Behind the scenes, Rhino generates the bytecode for a new Java
class that implements Runnable
and forwards all calls to
its run
method over to an associated JavaScript
object. The object that implements this class is called a Java
adapter. Because the forwarding to JavaScript occurs at runtime,
it is possible to delay defining the methods implementing an interface
until they are called. While omitting a required method is bad
practice for programming in the large, it's useful for small scripts
and for exploratory programming.
JavaAdapter
constructorIn the previous section we created Java adapters using the
new
operator with Java interfaces. This approach has its
limitations: it's not possible to implement multiple interfaces, nor
can we extend non-abstract classes. For these reasons there is a
JavaAdapter
constructor.
The syntax of the JavaAdapter
constructor is
new JavaAdapter(javaIntfOrClass, [javaIntf, ..., javaIntf,] javascriptObject)
Here javaIntfOrClass
is an interface to implement or a
class to extend and javaIntf
are aditional interfaces to
implement. The javascriptObject
is the JavaScript object
containing the methods that will be called from the Java adapter.
In practice there's little need to call the
JavaAdapter
constructor directly. Most of the time the
previous syntaxes using the new
operator will be
sufficient.
Often we need to implement an interface with only one method, like in the
previous Runnable
example or when providing various event
listener implementations.

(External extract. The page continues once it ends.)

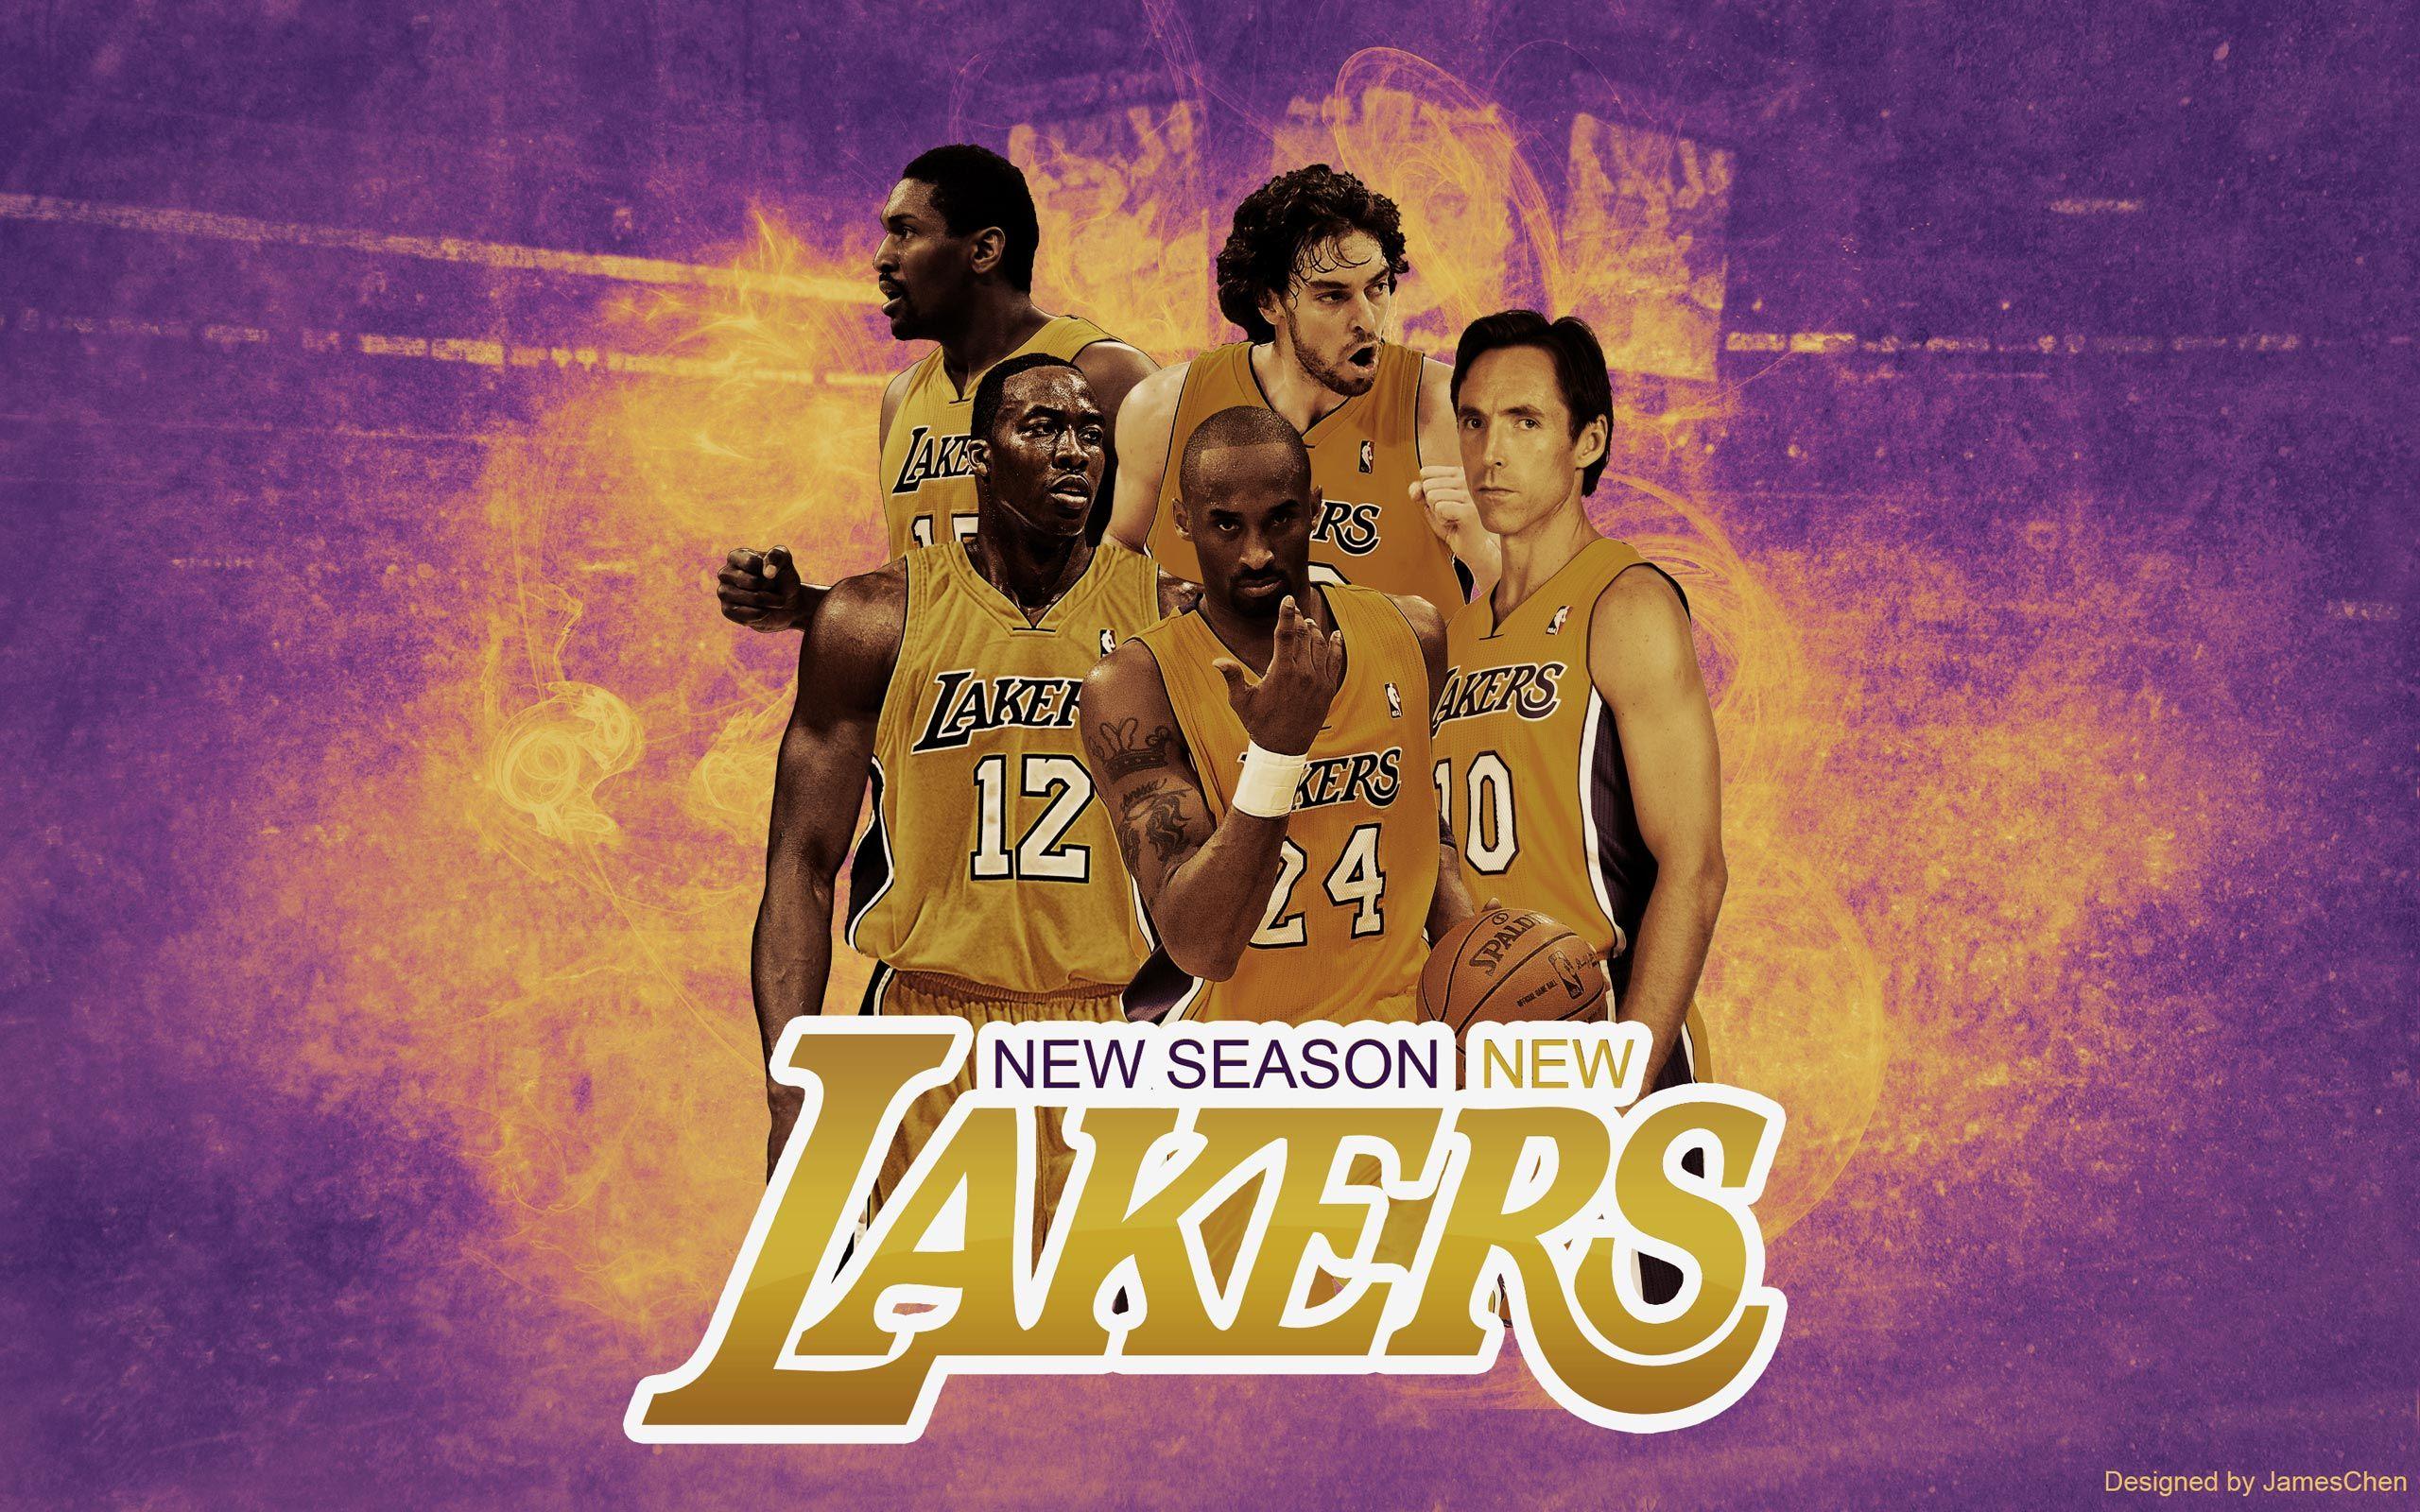 Los Angeles Lakers Wallpaper. Basketball Wallpaper At

To facilitate this Rhino allows to pass
JavaScript function when such interface is expected. The
function is called as the implementation of interface method.
Here is the simplified Runnable
example:
js> t = java.lang.Thread(function () { print("\nrunning"); }); Thread[Thread-0,5,main] js> t.start() js> runningRhino also allows to use JavaScript function as implementation of Java interface with more then method if all the methods has the same signature. When calling the function, Rhino passes method's name as the additional argument. Function can use it to distinguish on behalf of which method it was called:
js> var frame = new Packages.javax.swing.JFrame(); js> frame.addWindowListener(function(event, methodName) { if (methodName == "windowClosing") { print("Calling System.exit()..."); java.lang.System.exit(0); } }); js> frame.setSize(100, 100); js> frame.visible = true; true js> Calling System.exit()...

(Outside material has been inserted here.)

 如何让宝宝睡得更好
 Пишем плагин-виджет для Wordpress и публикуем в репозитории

Rhino provides no special syntax for creating Java arrays. You
must use the java.lang.reflect.Array
class for this
purpose. To create an array of five Java strings you would make the
following call:
js> a = java.lang.reflect.Array.newInstance(java.lang.String, 5); [Ljava.lang.String;@7ffe01
To create an array of primitive types, we must use the special TYPE
field defined in the associated object class in the
java.lang
package. For example, to create an array of
bytes, we must use the special field
java.lang.Byte.TYPE
:
js> a = java.lang.reflect.Array.newInstance(java.lang.Character.TYPE, 2); [C@7a84e4
The resulting value can then be used anywhere a Java array of that type is allowed.

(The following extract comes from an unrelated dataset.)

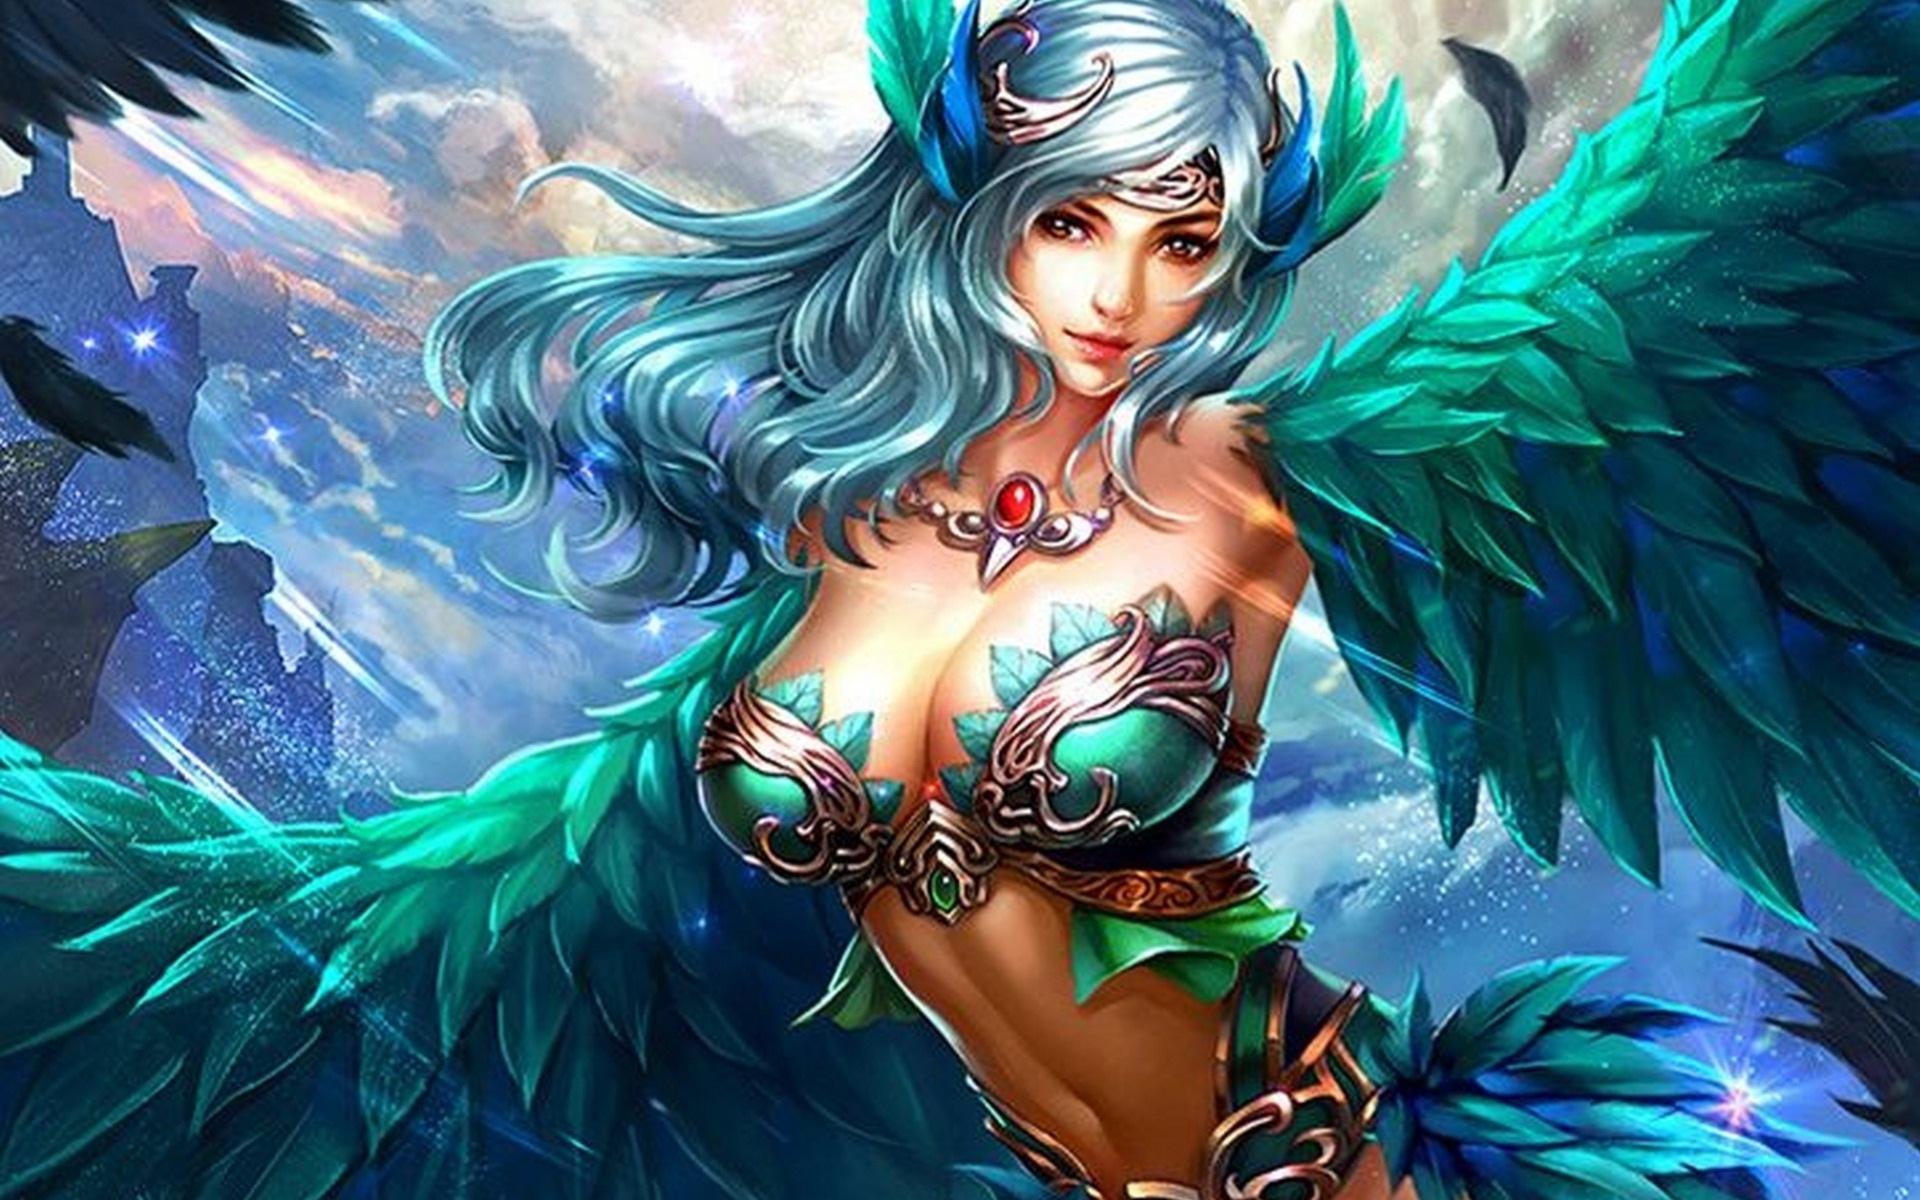 Hot Fantasy Girl Wallpaper Green Hair Warriors Female

js> a[0] = 104 104 js> a[1] = 105 105 js> new java.lang.String(a) hi
It's important to keep in mind that Java strings and JavaScript
strings are not the same. Java strings are instances
of the type java.lang.String
and have all the methods
defined by that class. JavaScript strings have methods defined by
String.prototype
. The most common stumbling block is
length
, which is a method of Java strings and a dynamic
property of JavaScript strings:
js> javaString = new java.lang.String("Java") Java js> jsString = "JavaScript" JavaScript js> javaString.length() 4 js> jsString.length 10
Rhino provides some help in reducing the differences between the
two types. First, you can pass a JavaScript string to a Java method
that requires a Java string and Rhino will perform the conversion. We
actually saw this feature in action on the call to the
java.lang.String
constructor in the preceding
example.
Rhino also makes the JavaScript methods available to Java strings if the java.lang.String class doesn't already define them. For example:
js> javaString.match(/a.*/) ava
[1] The ability to call Java from JavaScript was first implemented as part of a Netscape browser technology called LiveConnect. However, since that technology also encompassed communication with browser plugins, and since the way of calling JavaScript from Java in Rhino is entirely different, that term won't be used in this paper.
[2] For more information on JavaBeans, see Developing Java Beans by Robert Englander.